Exercise strengthens the heart, increases the "good" cholesterol, and reduces stress for everyone. For those with diabetes, it can improve the muscles' ability to respond to insulin, which helps more glucose get into the cells. If that happens on a regular basis, glucose "control"; should improve.

Walking is a favorite exercise for many. You can start slowly, perhaps 20 minutes four times a week, and work up to "power striding", a fast-paced walk with hand weights and swinging arms. You should check with a health care professional before undertaking any exercise program to get advice about the best kind of exercise for you, and for specific instructions about adjustments in your food and medication.



Before starting your exercise program consider these points

Obtain your physician's approval Choose an exercise that is realistic for your age and condition.
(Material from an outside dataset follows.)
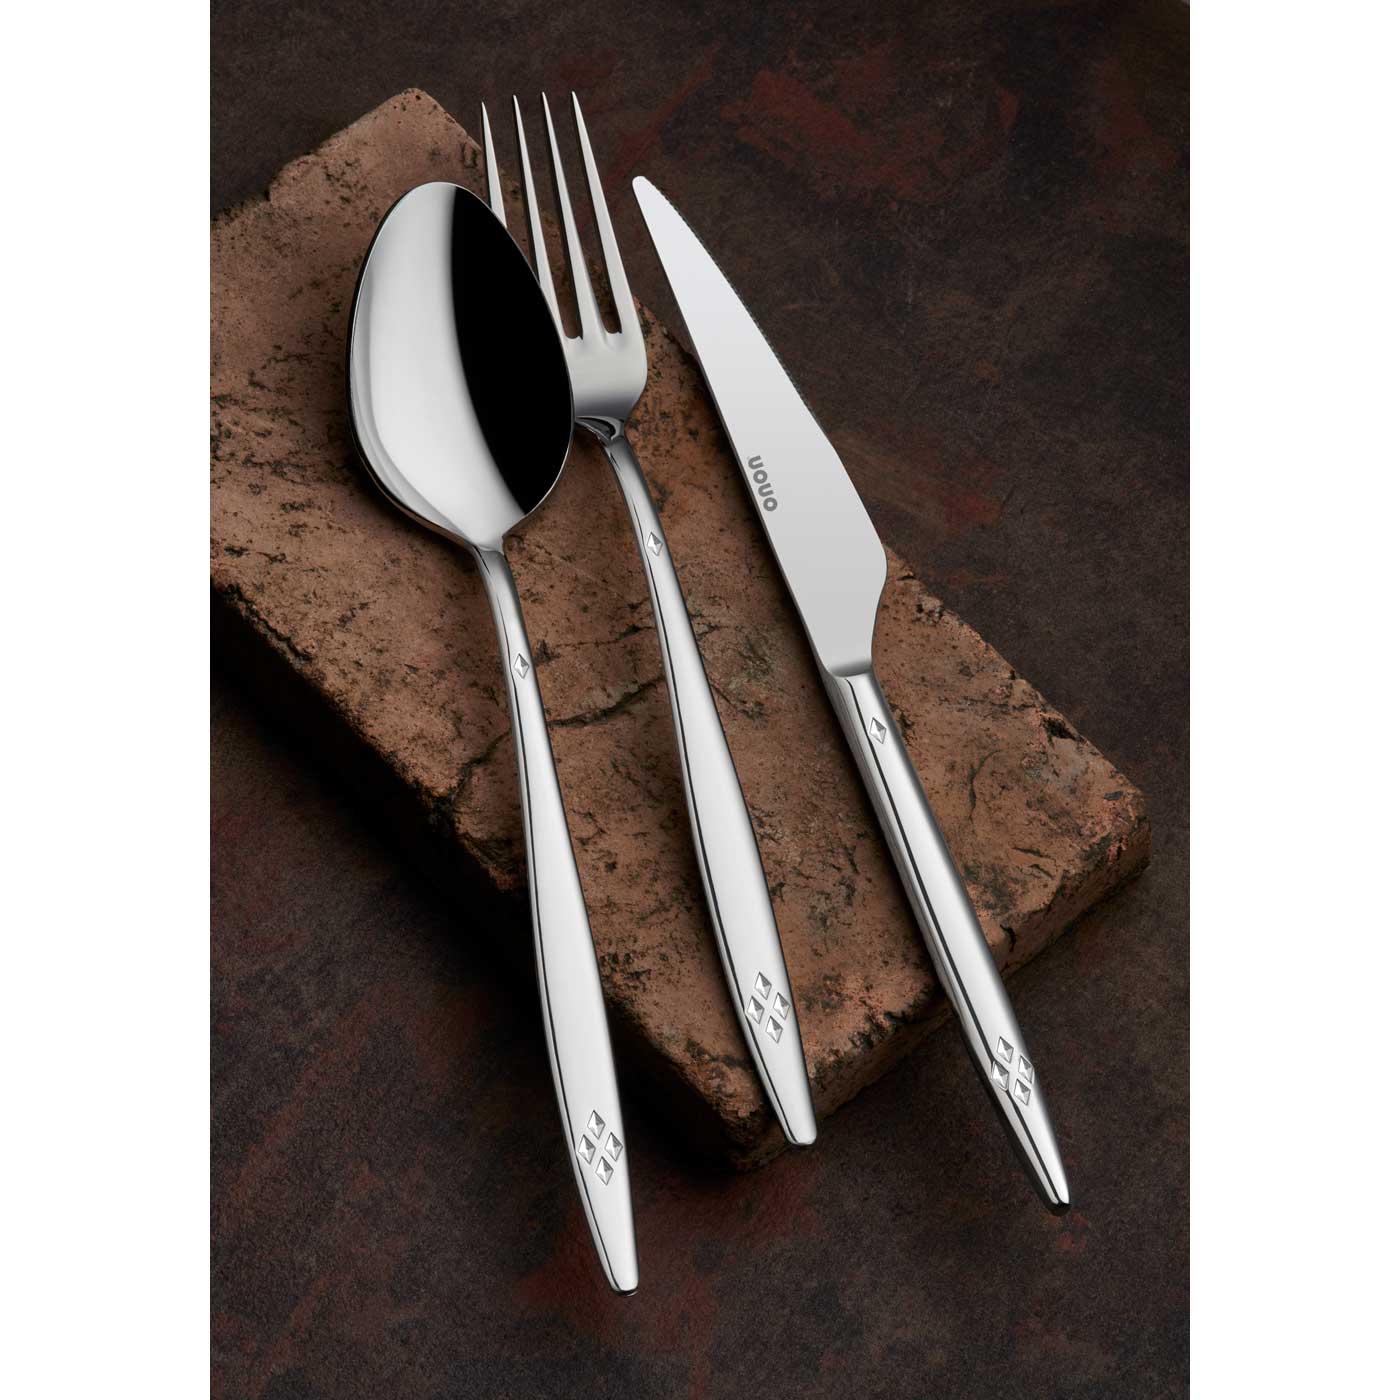 ONON Mira Sade 12 Adet Yemek Bıçağı 2

Mild daily exercise is more beneficial than a weekend of exertion followed by a week of inactivity.
Start slowly. Gradually increase to a more strenuous activity level. For example: start with a leisurely walk and later work up to a brisk pace Eat a small snack of carbohydrate food about a half hour before exercise. Examples include fruit juice or soda crackers
Exercise with a friend. You will find that company makes exercise more fun. If you are taking insulin, advise your friend how to handle a possible insulin reaction. Carry diabetic identification or wear a bracelet or necklace that identifies you as having diabetes.
Be sure your diabetes is in good control before exercising. Inject insulin into a non-exercising area of your body. Muscular activity in an exercised limb may cause insulin to be absorbed too quickly and result in an insulin reaction.
Always carry a simple carbohydrate, such as hard candy or sugar cubes in case of an insulin reaction.


If you have a hard time getting motivated to start an exercise program, try to get a friend to join you. You can encourage each other. You may meet someone in an exercise class who will be willing to call you ahead of time to urge you to come, even if you do not feel like it. You may have heard that once people "get into it", they really like exercise. Certainly that does seem to be true for many, especially if they find something they enjoy doing and if they like the people they are doing it with. If you decide to exercise alone, be sure to carry some carbohydrates, your diabetes identification, and some money with you.